Kuneralp, Türkiye'de kamuoyunun AB ile ilgili tutumunun paradoksa işaret ettiğini, bir yandan üyeliği desteklerken diğer yandan bunun hiç olmayacağına dair inanç bulunduğunu ifade etti.
"İlk adım AB'den gelmeli." diyen Kuneralp, ilişkilerin iyiye gitmesinin AB'nin elinde olduğunu, AB'nin Türkiye ile daha fazla ilişki kurmak için ilgisinin bulunduğunu ancak bunun nasıl yapılacağı noktasında netlik olmadığını dile getirdi.
Türkiye'nin Avrupa'nın güvenliğini ilgilendiren konulardaki kilit rolü
Özgür Brüksel Üniversitesi Öğretim Üyesi ve Brüksel merkezli EU Observer Editörü Koert Debeuf de Türkiye'nin göç konusunda ortaklık kurulması gereken ilk ülke olduğunu vurguladı.
Türkiye'nin Suriye iç savaşında oynadığı olumlu role değinen Debeuf, Astana görüşmelerinde Türkiye'nin masadaki varlığının önemine dikkati çekti.
Debeuf, tarihsel perspektiften bakıldığında Türkiye'nin Avrupa'da iç savaşı önlediğini savunarak, Fransa’nın politikasının radikalleşmeyi artıracağına işaret etti.
TOBB Üniversitesi Uluslararası İlişkiler Profesörü Haldun Yalçınkaya da Türkiye'nin AB'nin aksine terörizm ve göç alanında üstüne düşenleri yaptığını vurguladı.
Yalçınkaya, yaklaşan genel seçimde özellikle göç konusunun siyasetçilerin söylemine yansıyacağını ve seçimin sonucunun Türkiye-AB ilişkilerinde belirleyici olacağını kaydetti.
Brüksel merkezli Avrupa Politikaları Merkezinin Türkiye ve Kıbrıs uzmanı Amanda Paul de AB'nin Türkiye ile ortaklık geliştirmesi için AB tarafında stratejik öngörü ve siyasi istek gerektiğinin altını çizdi.

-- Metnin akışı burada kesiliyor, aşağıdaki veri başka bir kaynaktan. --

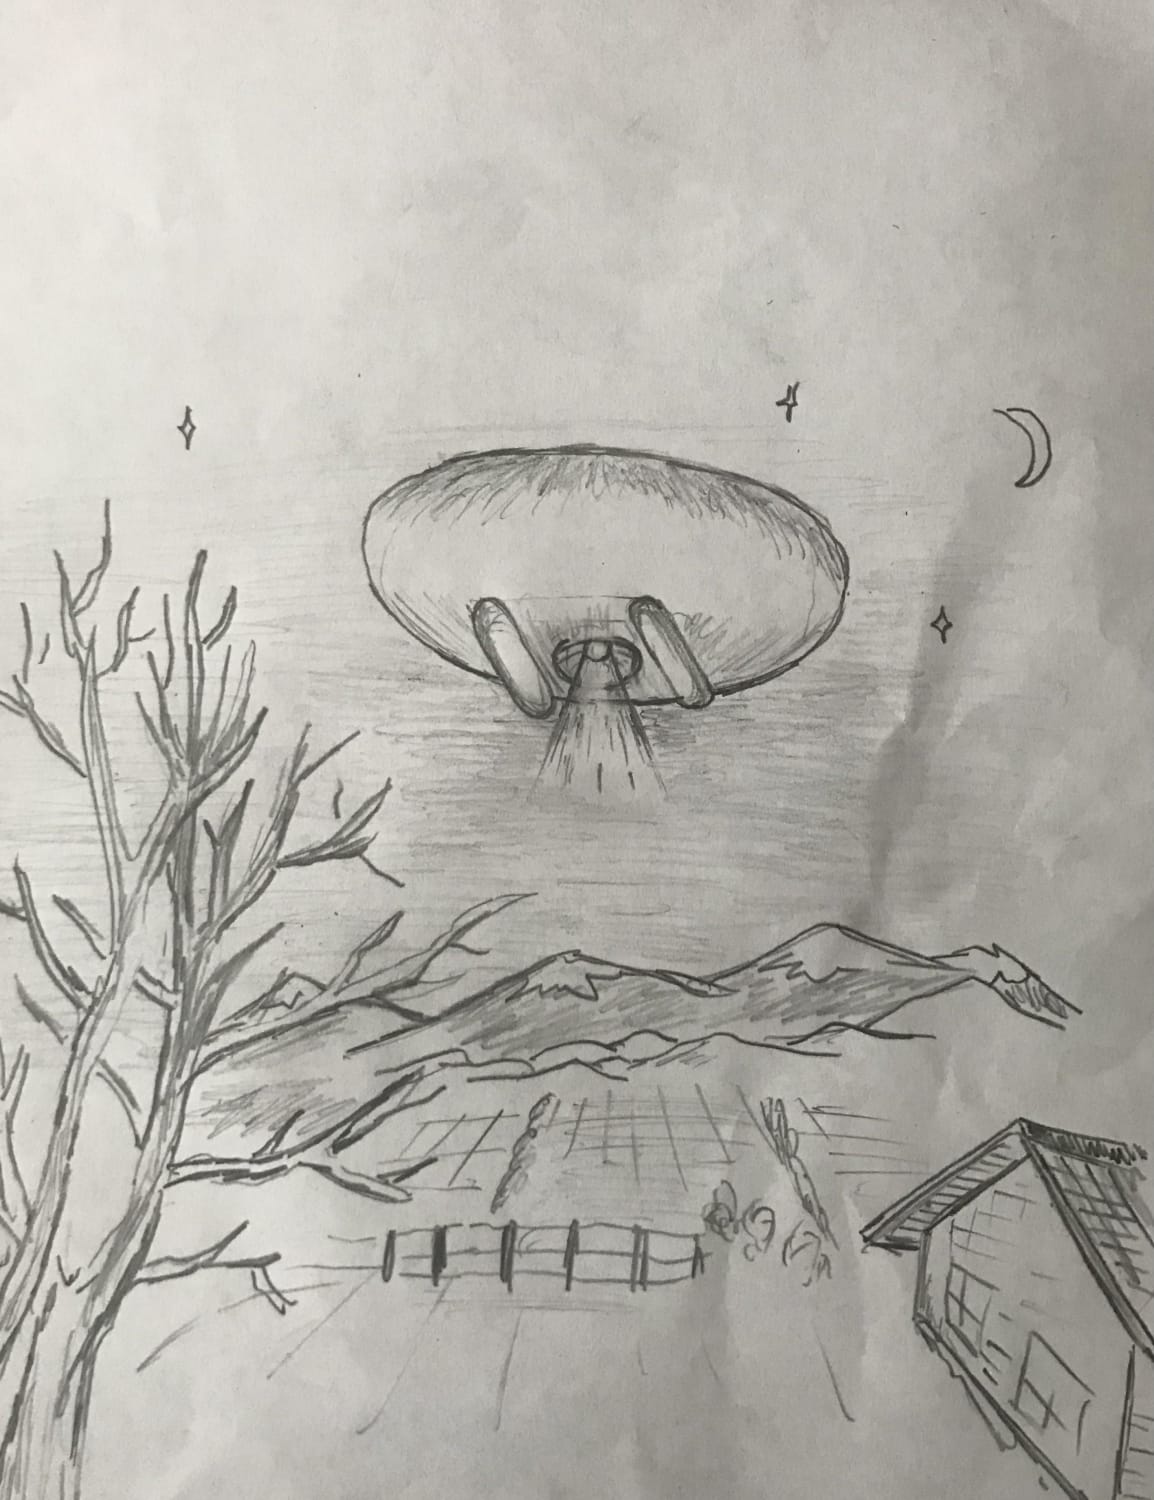 UFO sighting. Twin Falls, Idaho. Artistic Representation I did for the friend who saw it. Seen early morning of 1/7/2020.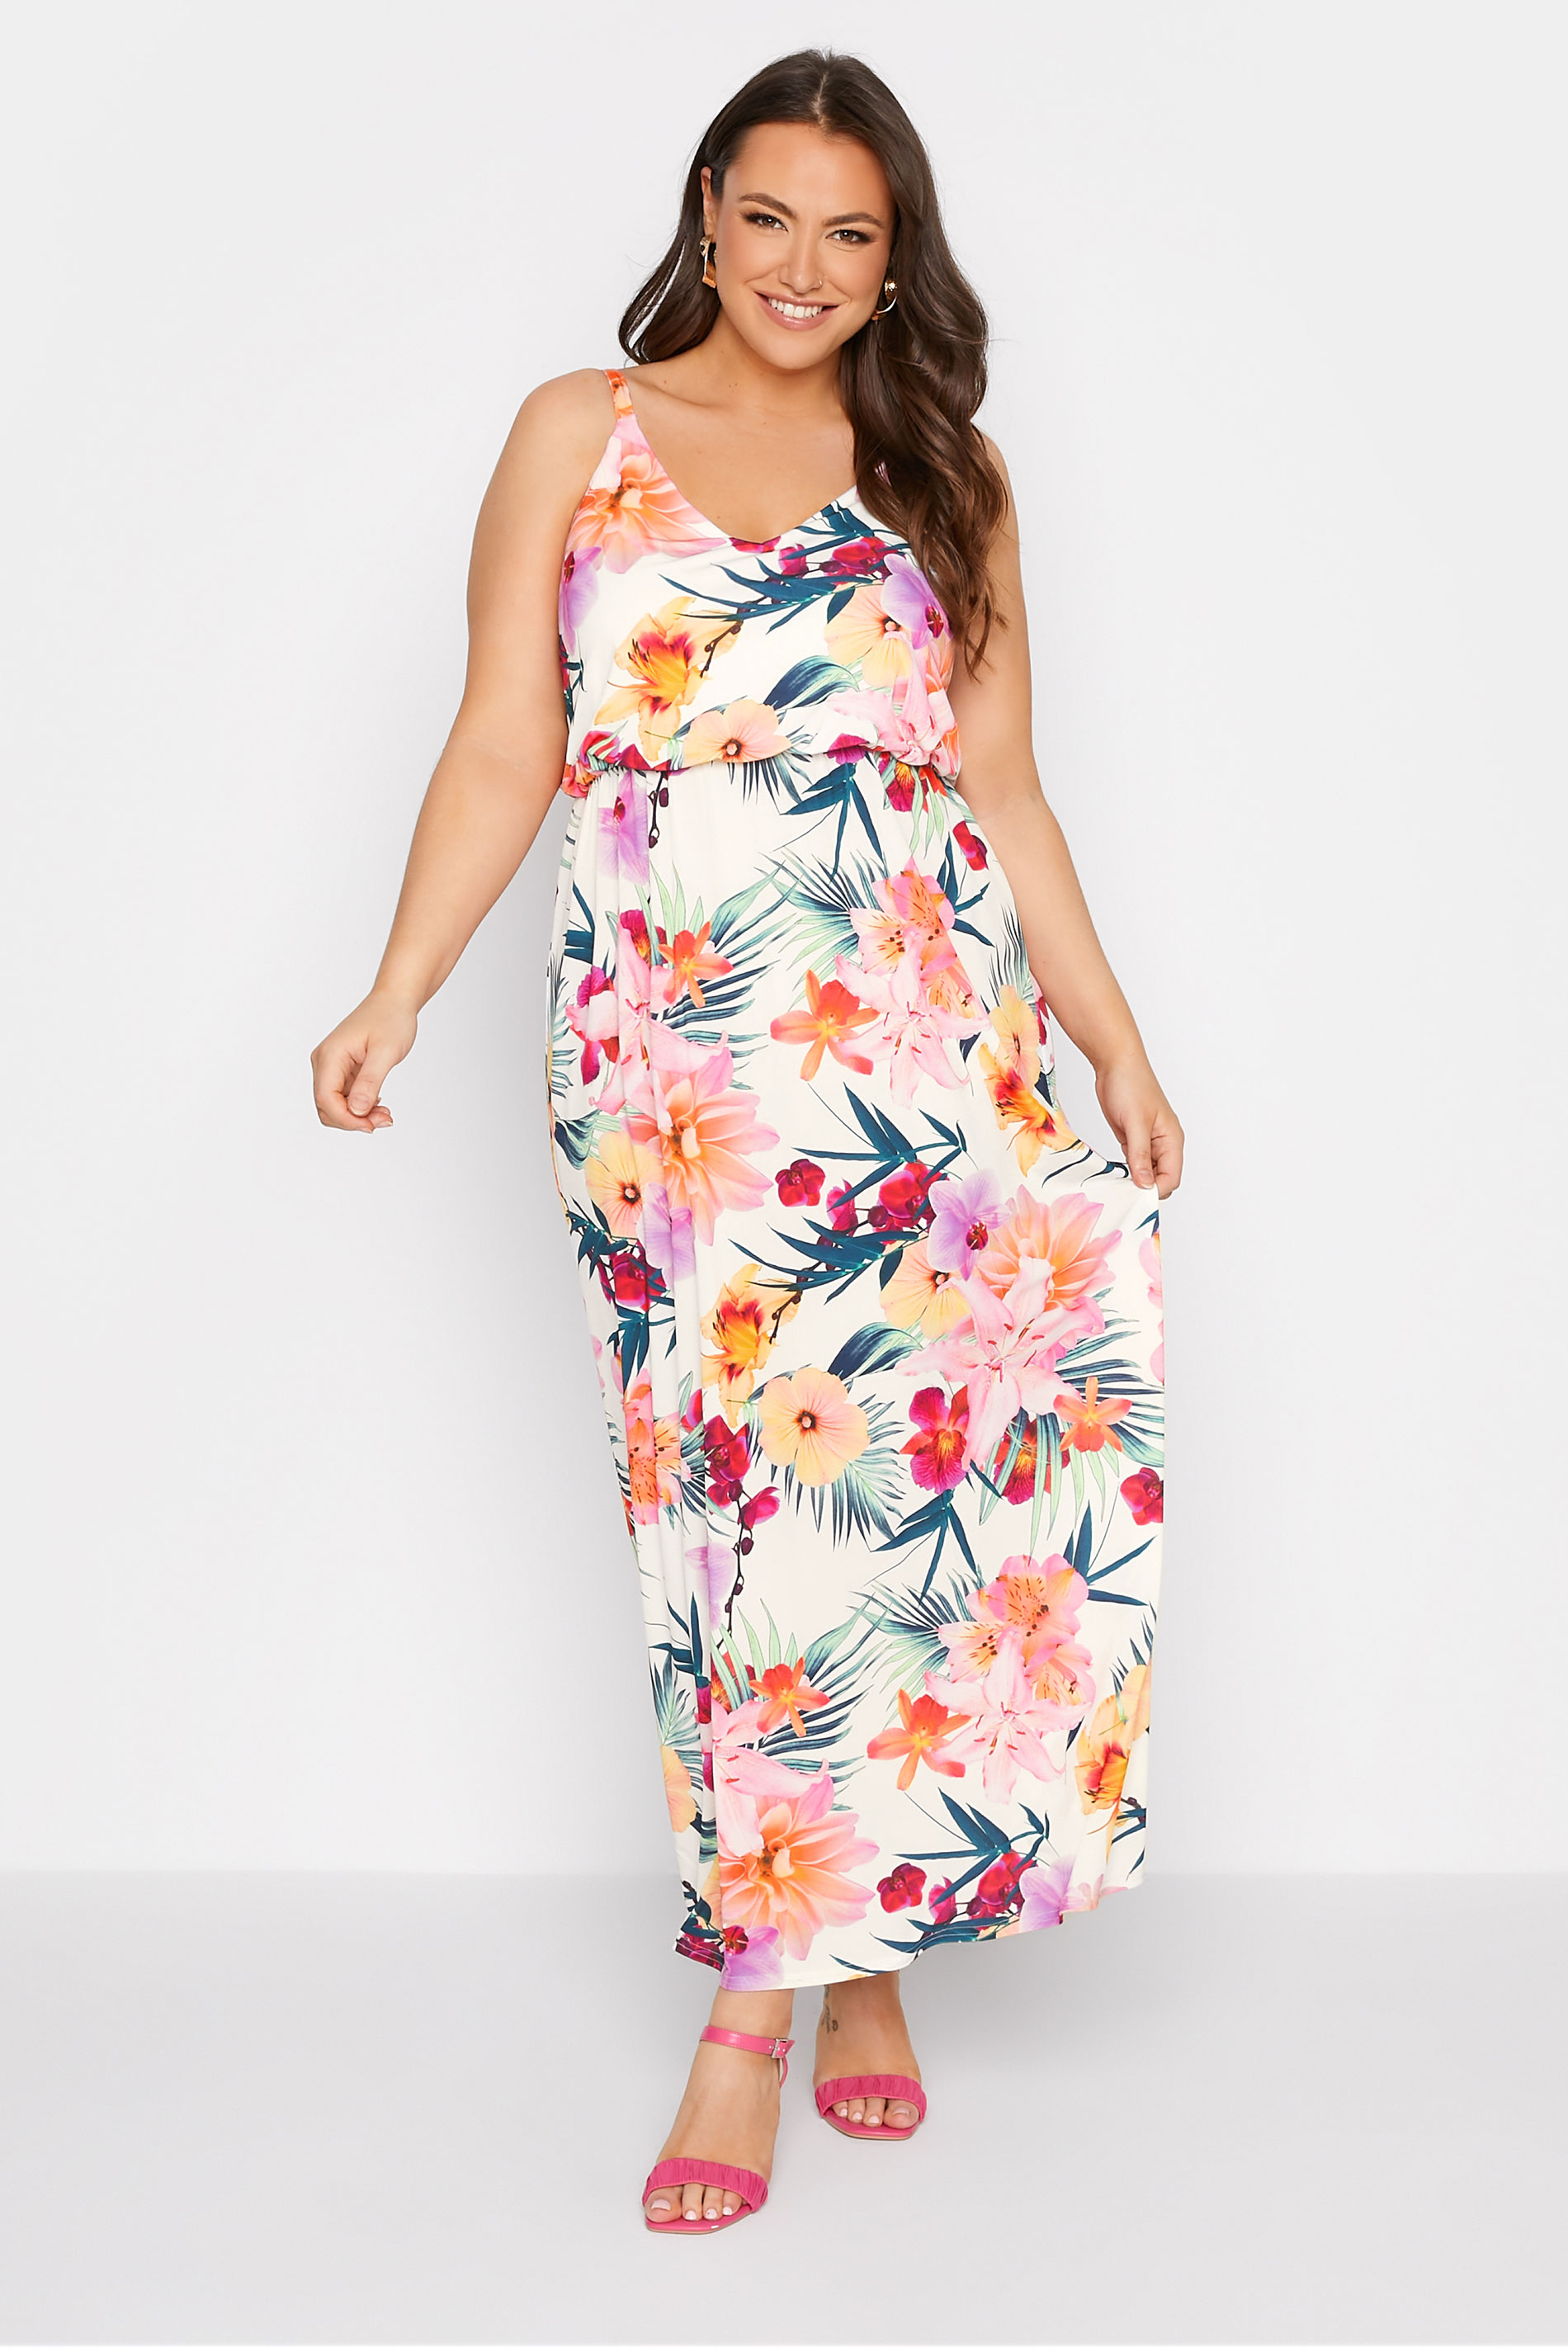 Robes Grande Taille Grande taille  Robes Longues | YOURS LONDON - Robe Blanche Imprimé Floral Tropical - JU66390

Paul, "Türkiye, Rusya ve Ukrayna arasındaki Normandiya formatı için kesinlikle potansiyel bir lokasyon olabilir." dedi ve Türkiye'nin bu tür durumlarda her zaman ara buluculuk önerdiğini ve dostane girişimlerde bulunduğunu belirtti.
"AB'de algı değişimi olmalı"
Katılımcılar arasında Türkiye'nin AB Nezdindeki Daimi Temsilcisi Büyükelçi Kemal Bozay da yer aldı.
Bozay, bir soru üzerine, göç ve güvenlik konularında iş birliği yapılması için (AB'de) algı değişimi olması gerektiğine işaret etti.
Bozay, Türkiye'nin son dönemde daha pragmatik olduğunu, AB'nin de aynı şekilde davranması gerektiğini kaydetti.
Uzmanlara göre Türkiye, AB'nin güvenliğini ilgilendiren konularda vazgeçilmez ortak
Avrupa Parlamentosundaki AB-Türkiye Dostluk Grubu Başkanı Czarnecki, Türkiye'nin göç ve güvenlik alanlarında AB'nin vazgeçilmez ortağı olduğunu, bu konularda iş birliği kurulmasının üyelik müzakerelerine olumlu etkisi olabileceğini söyledi.